Electroconclusive therapy is used only when all other medications have failed. It is only recommended for catatonic schizophrenics, and involves using electric shock to induced seizures while the patient is under anesthesia. Typically, there are six to twelve electroconclusive therapy treatments. While highly controversial, this treatment has been proven relatively safe and effective.

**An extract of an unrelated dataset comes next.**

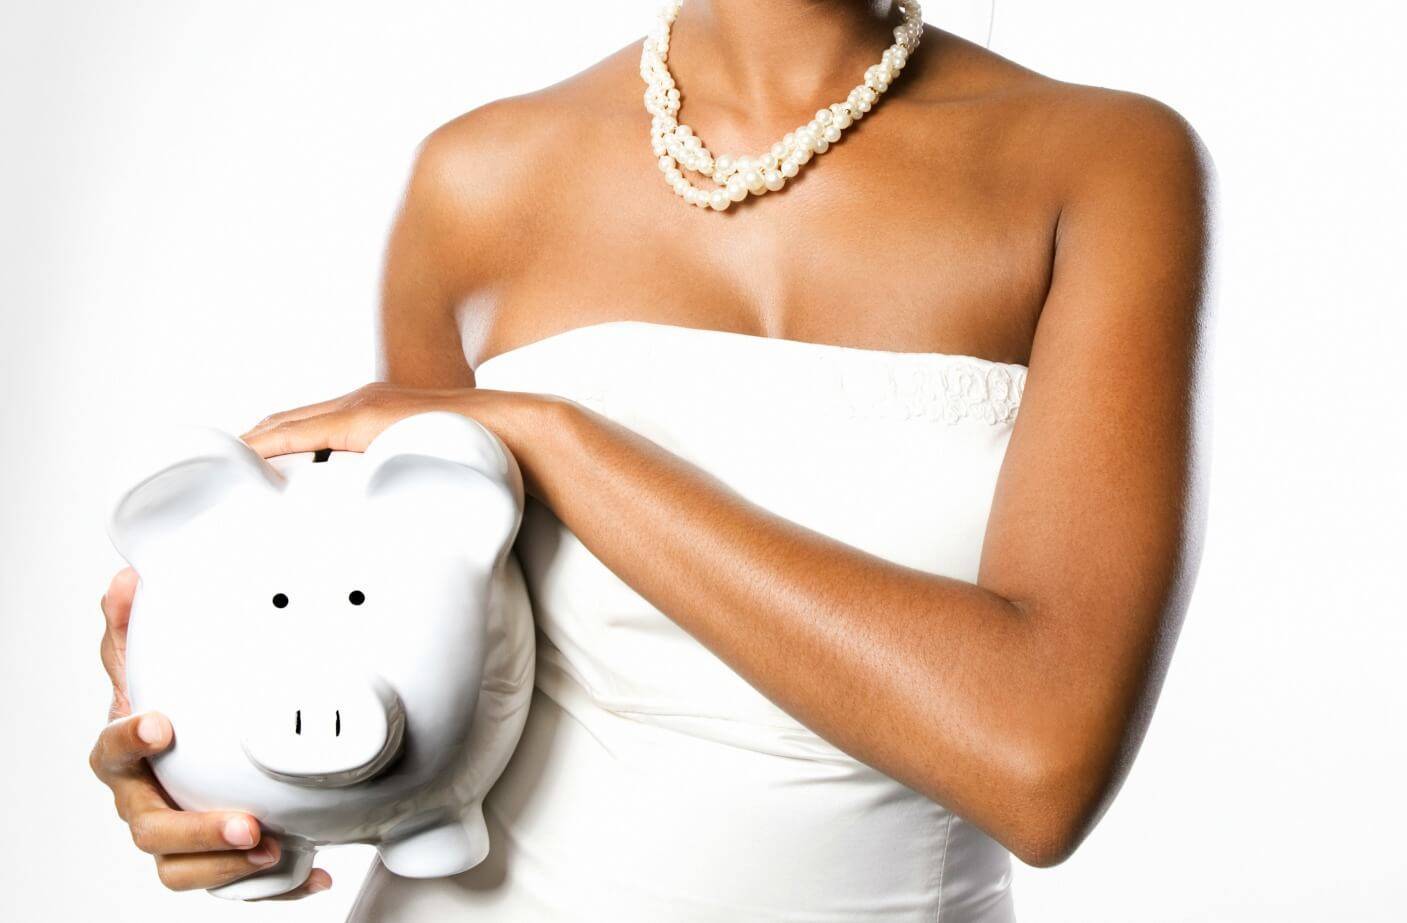 Как сэкономить на свадьбе: уменьшаем бюджет
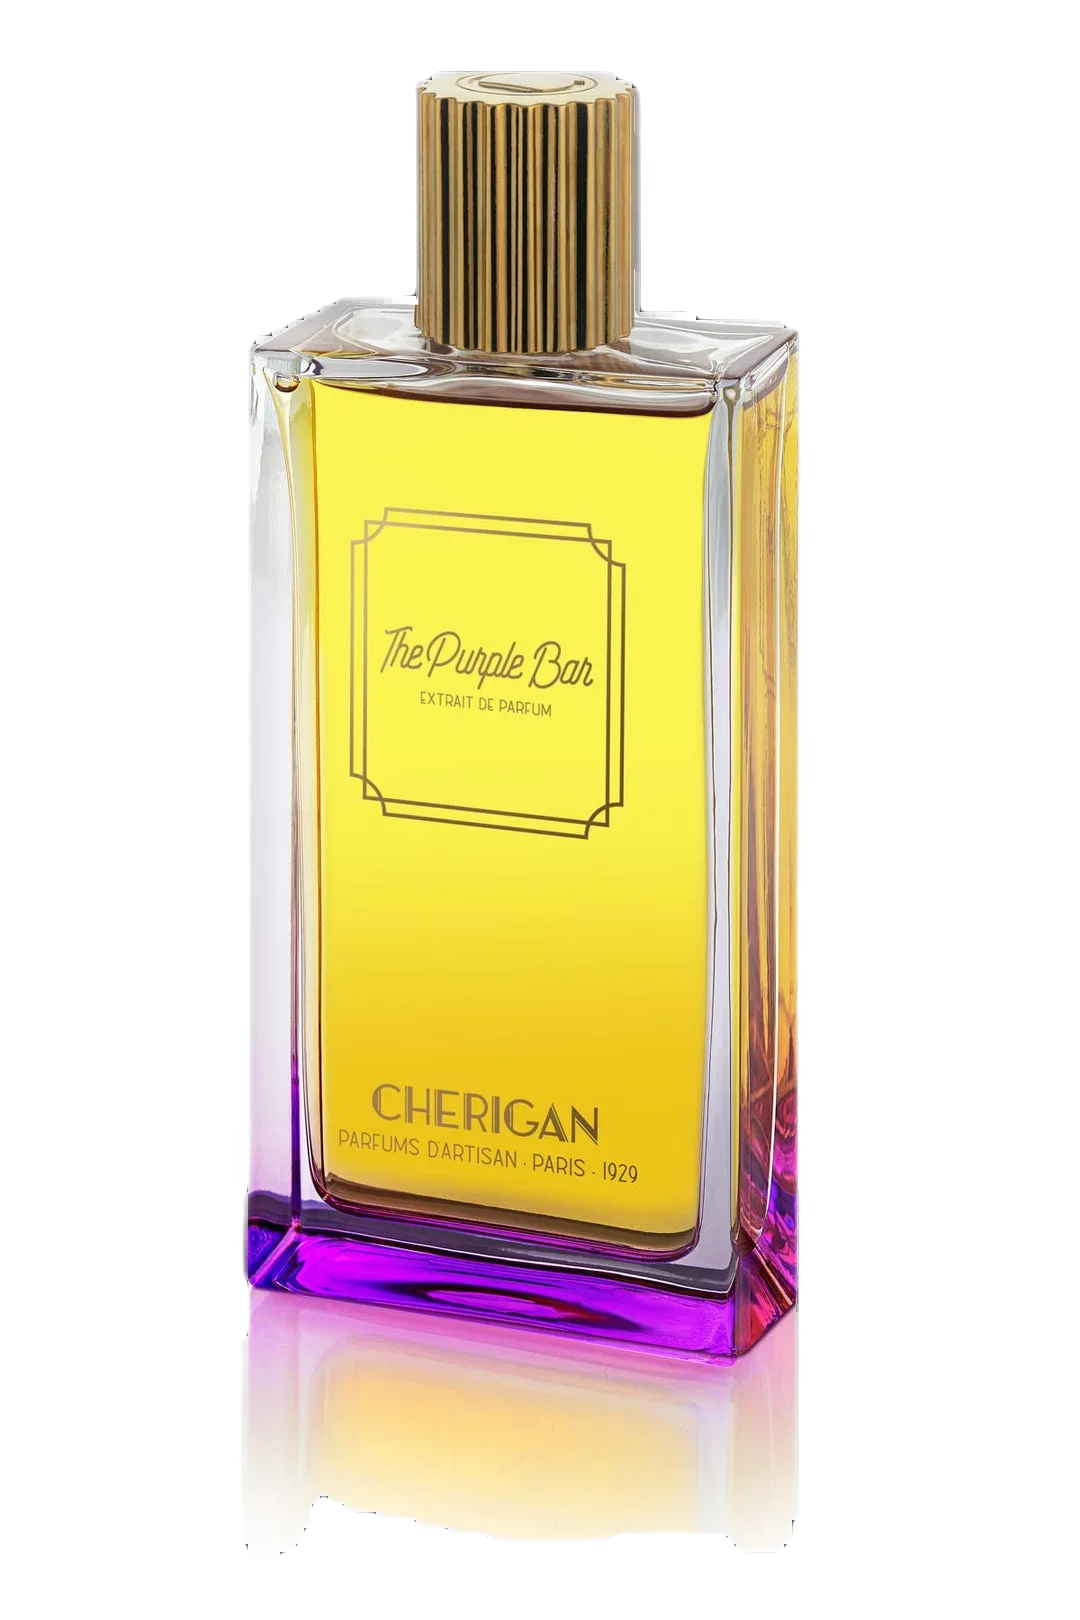 Cherigan THE PURPLE BAR Extrait de Parfum

The Soteria method of treatment involves patients living in a communal home with little to no medical staffing. Antipsychotic drugs are taken only by choice, and patients participate in excessive social therapies and classes. Recent studies indicate that those suffering from less debilitating cases of schizophrenia do just as well with the Soteria method as they would with the usual treatment of medication and therapy. The Soteria method is used primarily in Germany, Sweden, Switzerland and Hungary and is considered the more gentle and kinder way to treat the disorder.
The earlier treatment is begun for schizophrenia, the better the outcome. Researchers believe that the first two years of treatment, and continued treatment thereafter, has the most effect on a positive outcome for patients. The goal of treatment is to allow a person suffering from schizophrenia to function properly in society and maintain an independent lifestyle.
Studies indicate that at least 62% of those treated for schizophrenia meet this goal within five years of beginning treatment. Females, those who are older at the onset of symptoms and those in good physical health before symptoms occur are more likely to receive a good prognosis and reach some semblance of remission status, which is not yet clinically defined.
The stigma placed on those suffering from schizophrenia has diminished over the years, though it is still one of the main obstacles in a schizophrenic seeking out treatment. Increased public awareness of this disease, as well as continued research, can increase the rate of a good prognosis for those diagnosed with schizophrenia.